Hey thanks to everyone who posted on the Eurotard thread and thanks to the professor and Insty for the links. Who knew that humor and "meataphors" had to take a back seat to fashion stuff. It's funny that the stuff I think is really good never even gets a comment but something out of left field gets noticed.
The absolutely best thing about the whole post is that sanctimonious liberal blowhards like Eli Blake immediately get all politically correct without even checking out the post to see that Eurotard is the actual name of a product! These guys just don't have a sense of humor at all. Jeeeez what a bunch of douches.
Anyway the wife has a new post on Never Say Diet about Jean Mutation which talks about the new pastel jeans from Svoboda Jeans. Svoboda is the pest plus size premium jean company out there. They make this high waisted trouser jean that is perfect for "Casual Fridays." That's how we market it though I always add my little touch.
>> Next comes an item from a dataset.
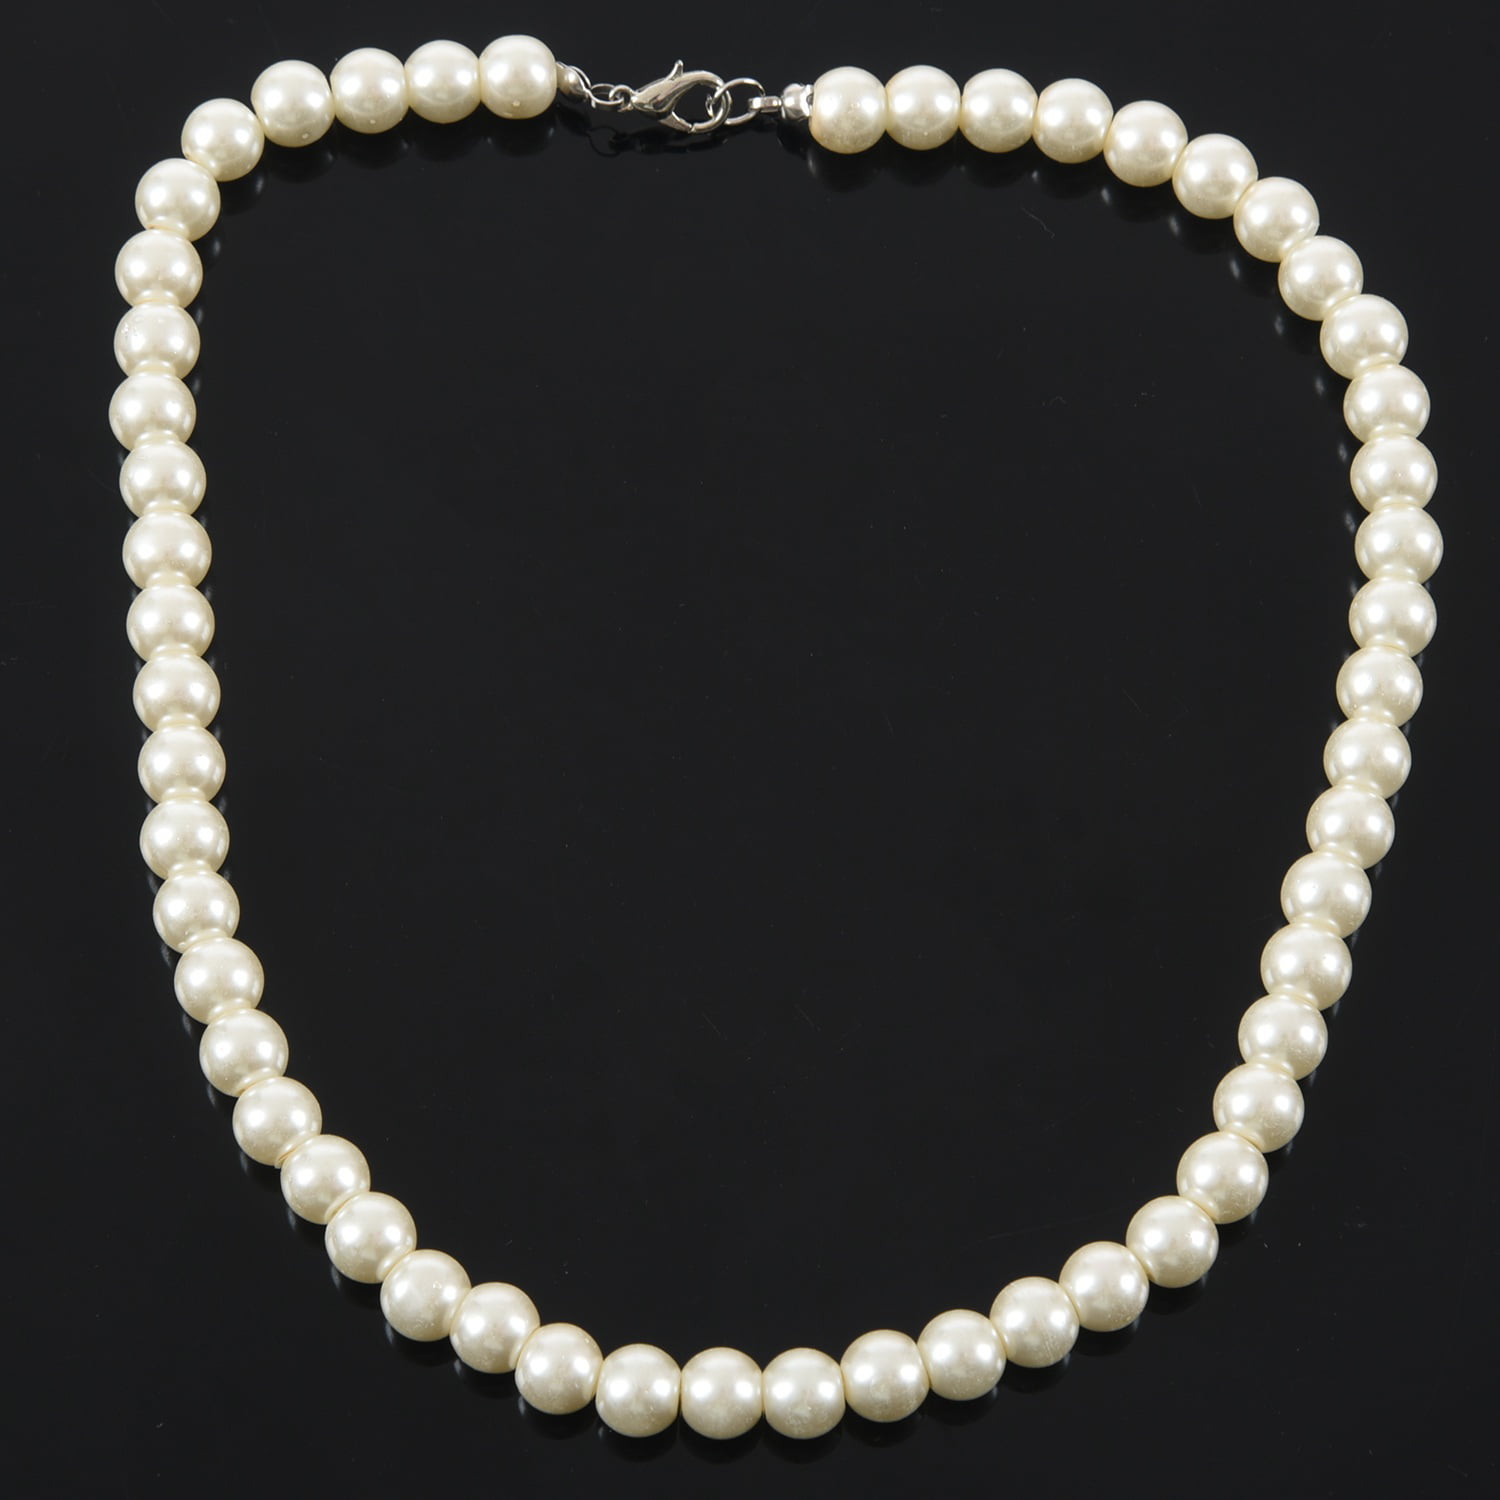 Plastic Screw Clasp White Single Strand Faux Pearl Necklace N3

I call it the "No plumbers crack jean." And no Eli, that has nothing to do with Joe the plumber you sanctimonious twit.
Anyway check out her post and leave a comment if you can. Thanks.
5 comments:
"Jeeeez what a bunch of douches"
And "douche" is the actual name of that product too!
I shall now complain about high-waisted trouser jeans. Although now that it comes down to actually writing, I have little to say except that they are hateful.
Pants should never, never, never come up higher than your waist in front. Never. Particularly jeans, which usually have a narrow waistband that is several layers of thick fabric. There is no place for the extra fabric to go. You can either pull the waistband all the way up, in which case it sits just below your ribs and makes a nice picturesque bulge, or you can put the waistband at your waist, in which case you get a fold of fabric hanging somewhere around your crotch. The extra has to go somewhere.
(I make a partial exception for pants with a wide cummerbund waistband, because these will actually stay up and look kind of stylish with a tucked-in shirt. But jeans cut with a high waist? No no a thousand times no.)
This is particularly horrifying in the case of jeans made for the larger woman, more so for the woman who is pear-shaped, and even more for the woman who is generous of butt. In this case, you will end up with a waistband that pulls below the waist in the back, that goes far above the waist in front (or creates a flap of loose fabric, see above), and that is altogether just wrong. Terribly wrong. (Lane Bryant has a trouser jean that does this, and if the waist had just been lower in front, I swear I would have bought ten pairs. The fit was excellent otherwise but the pants were impossible with this flaw.)
The contoured waist - lower in front, high in back - is a popular fashion for a reason. It is flattering. With a deliberately high-waisted pant you tend to get a reverse-contoured waist - high in front and low in back - which, logically, is the opposite of flattering. No no a thousand times no.
Don't ask me why I'm ranting about this here. I have tried and failed to find good jeans lately and I have to rant to someone.
OK, I left a comment on the blog for your wife. Seeeesh, you are one insufferable promoter. :)
And no Eli, that has nothing to do with Joe the plumber you sanctimonious twit.Really. Talk about a wet blanket.
Jaed you really have to check out the Svoboda high waisted jean because it does have the cummberbund band and is made especially for plus sized women. It is one of the most popular jeans in our store because the quailty of the demin mades it perfect for casual Friday. I think you should check it out and you will be very pleastently surprised.